CCT Domain-Containing Proteins from All Three Families Can Be Physically Associated with the GHD8/OsNF-YC2 Dimer.

(A) LCI assay shows the interactions among the full-length CCT domain-containing proteins, GHD8, and OsNF-YC2. For each representation, the constructs used for each infiltration were listed at the left corresponding section. Fluorescence intensities represented their interaction activities. CCT domain-containing proteins (HD1, GHD7, and GHD7.1) and GHD8 were fused to the N- and C-terminal domains of LUCIFERASE (NLUC and CLUC), respectively. OsNF-YC2 was cloned into the third vector pCAMBIA1301s. Co-transfections of CCT-NLUC (HD1, GHD7, or GHD7.1), GHD8-CLUC, and OsNF-YC2 could produce robust luciferase activities, while other infiltrations lacking one or two proteins brought about no or slight signals.
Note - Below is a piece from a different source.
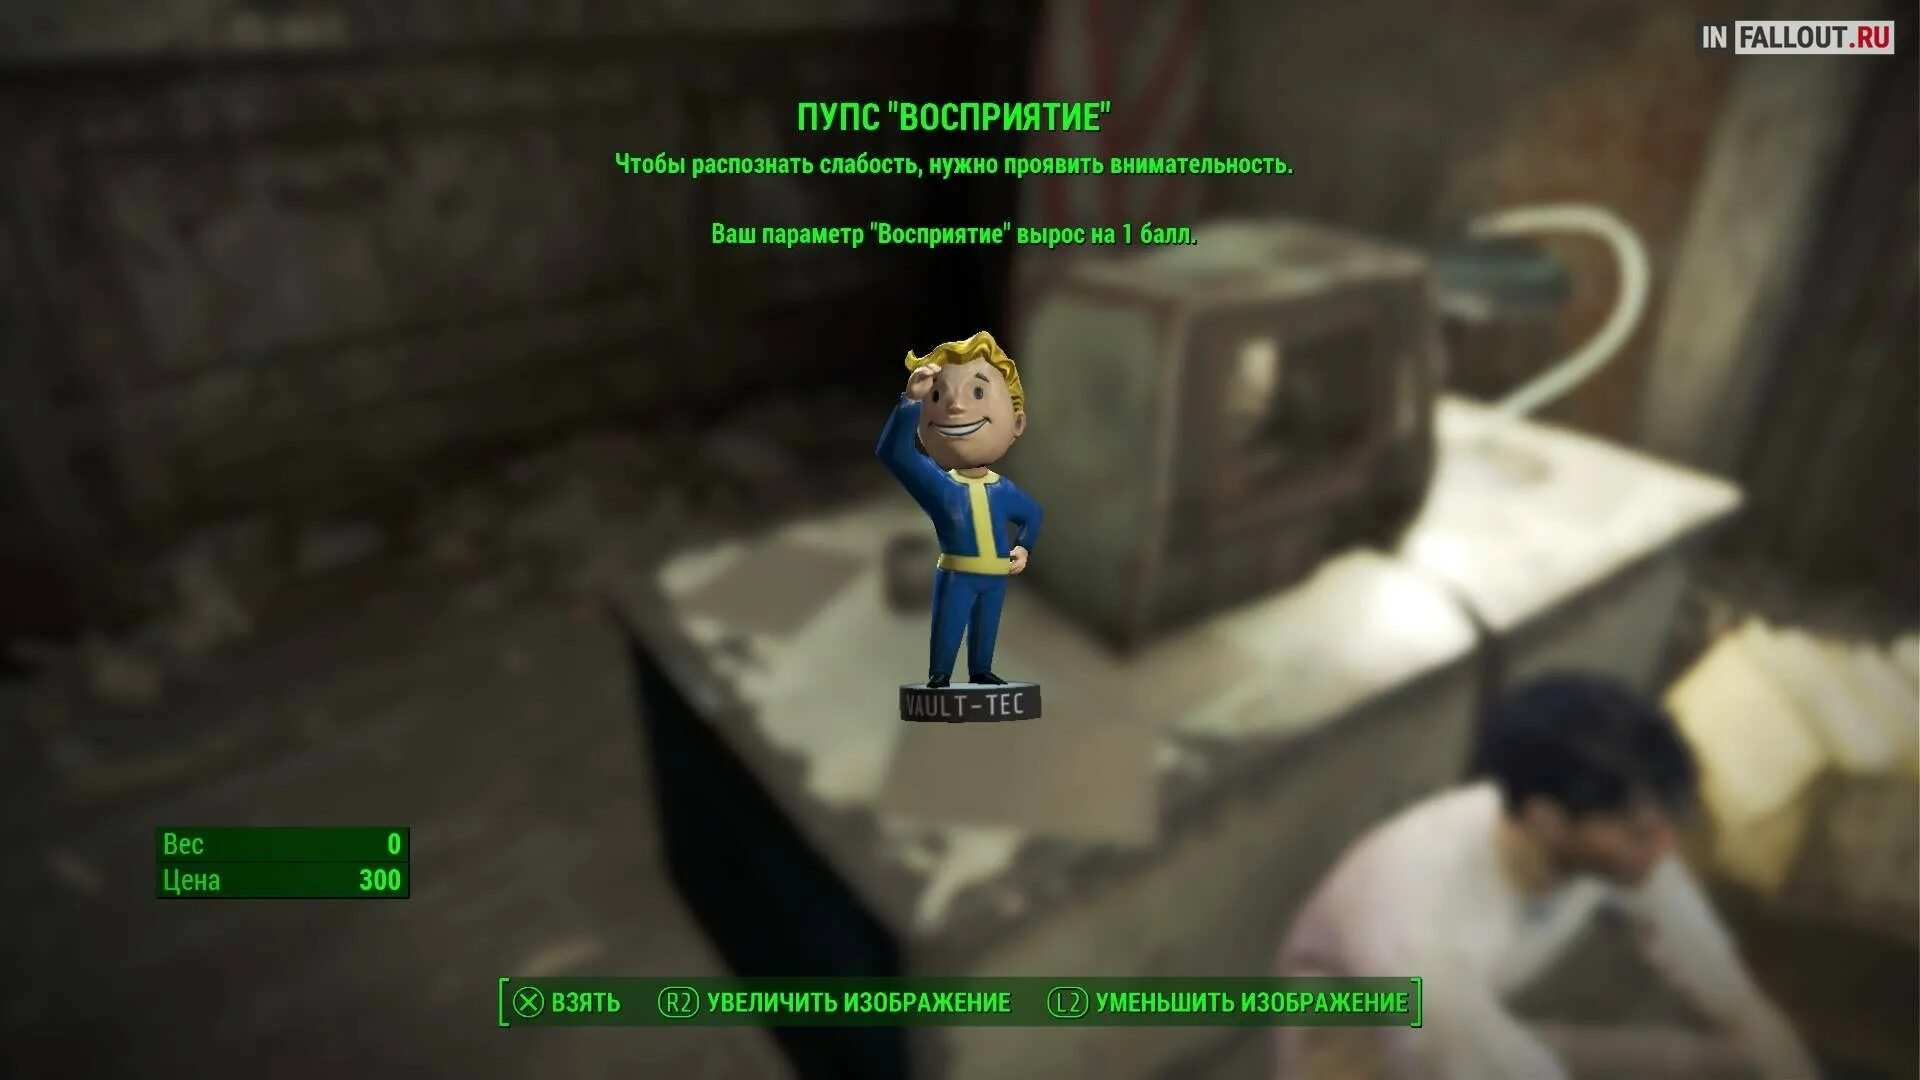 Пупсы фоллаут карта. Пупс удача Fallout 4 местонахождение. Пупс красноречие фоллаут 3. Пупс ловкость Fallout 4 местонахождение. Фоллаут 4 Тринити Тауэр пупс.

(B) Pull-down assay showed the interactions among the full-length CCT domain-containing proteins, GHD8, and OsNF-YC2. His-tagged CCT protein (HD1, GHD7, or GHD7.1), Myc-tagged GHD8, and StrepII-tagged OsNF-YC2 were co-transfected into Expi293F cells. The supernatant from lysed cells was loaded onto StrepII beads. Both GHD8 and CCT proteins were co-eluted with OsNF-YC2. The proteins were detected by immunoblot with antibodies against StrepII, His, and Myc. ΔCCT indicated deletion of CCT domain.